[Date Prev][Date Next] [Thread Prev][Thread Next] [Date Index] [Thread Index]

Re: Best File System for partitions over 600GB



On Tue, Mar 13, 2007 at 11:59:18AM -0600, Mike McCarty wrote:
> Roberto C. Sanchez wrote:
> 
> [snip]
> 
> >FYI, *any* filesystem has the potential to lose data on a sudden power
> >outage.
> 
> Umm, no. I suppose you haven't worked in telecomm. I've supported
> file systems which never, ever, lost anything. If the system call
> came back, and said it was on disc, then it was.

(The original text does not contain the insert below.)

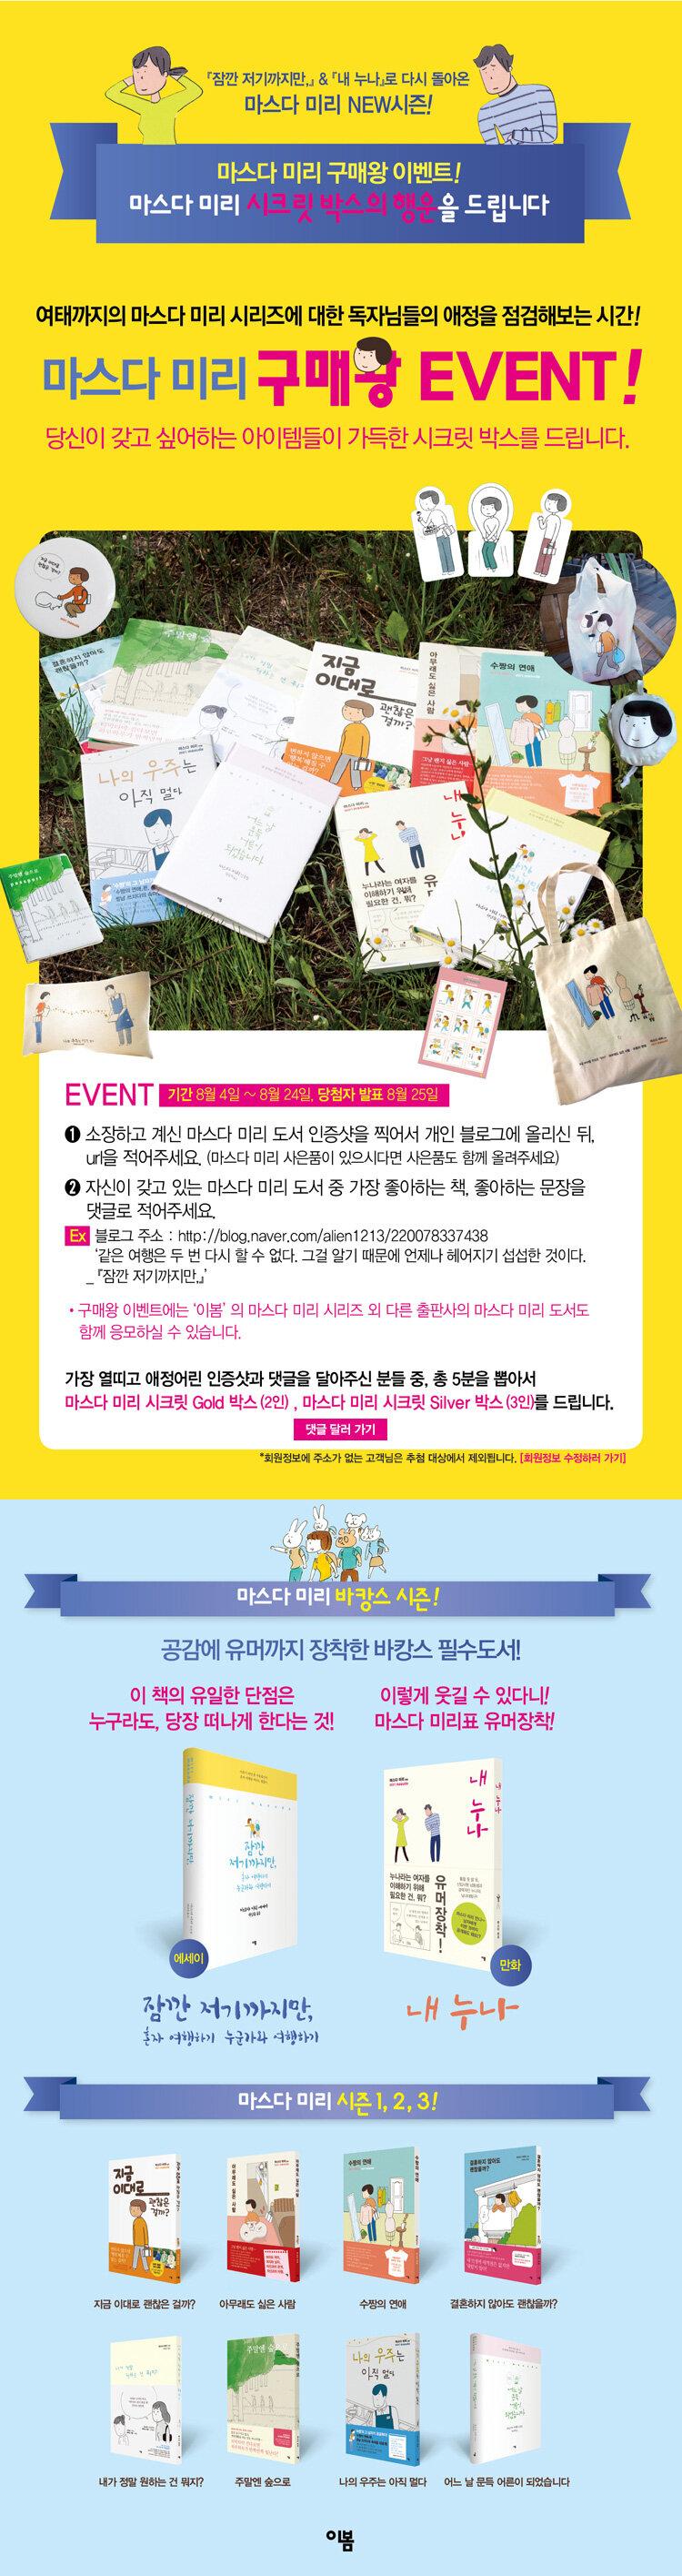 이봄&애니북스 마스다 미리 구매왕 이벤트

If power failed,
> then any writes in progress might not get committed, but no data
> scrambling could take place, even if the hardware scribbled on
> the disc.
> 
You can achieve the same thing with any decent filesystem.  You just
have put the hardware into writethrough instead of writeback and you
also give up a lot of performance.  It depends on what you need.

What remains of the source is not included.